I’m responsible for designing Hunchworks. I’m also responsible for making it what the users need, and for understanding and fitting into the systems that they already use to do hunch-style collaborative inference. Now we know a bit about business analysis, so we’ve spent a while looking for these existing systems, and found them mainly in two places: closed discussion groups (e.g. Googlegroups), and Skype group chats.
I’ve traced (and anonymised) a couple of threads by hand – the main point is the type of information that people post rather than who and what it is – but whilst I was doing it I realised there were mining tools that could help with this, and my usual problem of not being able to find information on X in a Googlegroup after it’s posted (no, the search doesn’t work for this). Also, any visualisation or compression could be extremely useful to people trying to navigate the thousands of emails and hundreds of topics that thread their way through the crisismapping googlegroups.
Getting the Data
So to work. The first thing I needed was googlegroups data into my machine. There’s an RSS feed for group NameHere at http://groups.google.com/group/namehere/feed/rss_v2_0_topics.xml but that appears to be only for new posts. A Google search on “mining google groups –site:groups.google.com” didn’t show anything, but I did get a useful journalists guide to Google’s search operators as commiseration prize. And then paydirt: a PHP Googlegroup scraper that produces xml, that I’ve modified to dump xml into a file.

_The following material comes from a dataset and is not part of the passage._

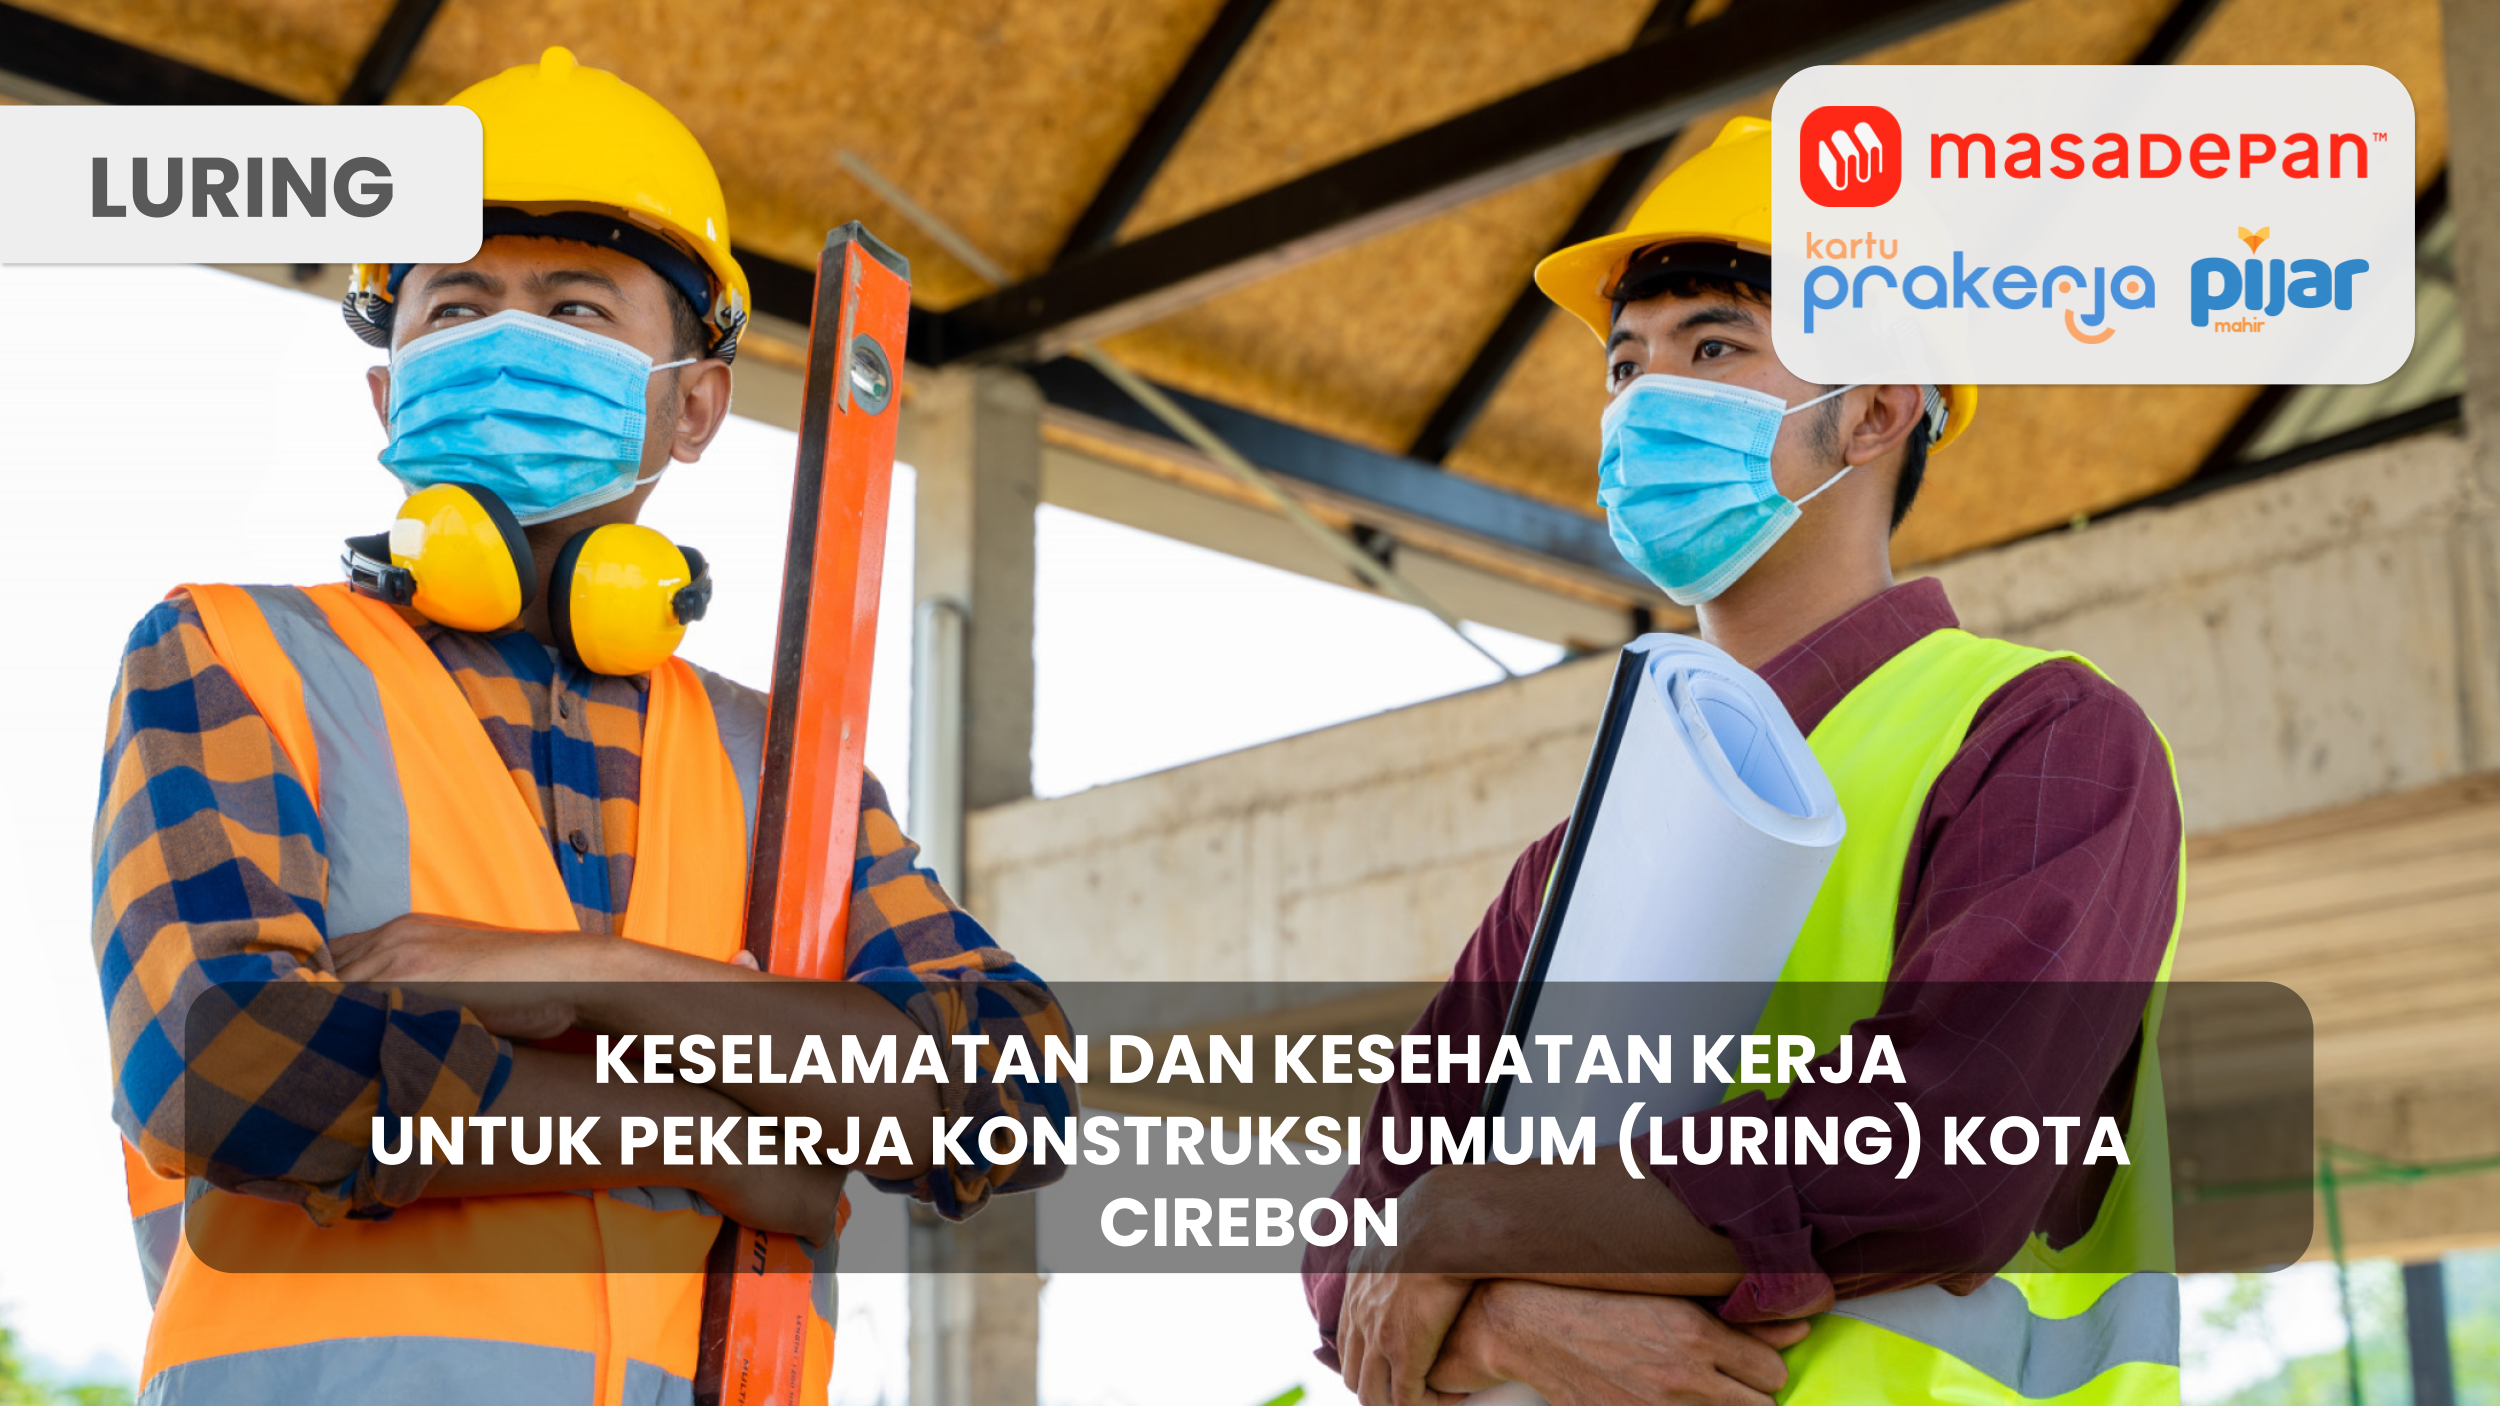 Keselamatan dan Kesehatan Untuk Pekerja Konstruksi Umum (Luring) Kota Cirebon

The data is about a group, so it has people (in username and cc fields), topics (in subject field), areas of interest (in the subject and text, so I’ll have to do some text analysis to get these) and times/dates.
As an aside, it would be really cool if Google allowed tagging on these posts. That way, people could come in later and add tags to each post, to make searching by area or subjects much easier.
Knowing which questions to ask
What I’m trying to understand at first is how people communicate data around an emerging crisis. Which people get involved, do they bring each other into the group to help, what types of evidence do they provide and which external links do they point at and when.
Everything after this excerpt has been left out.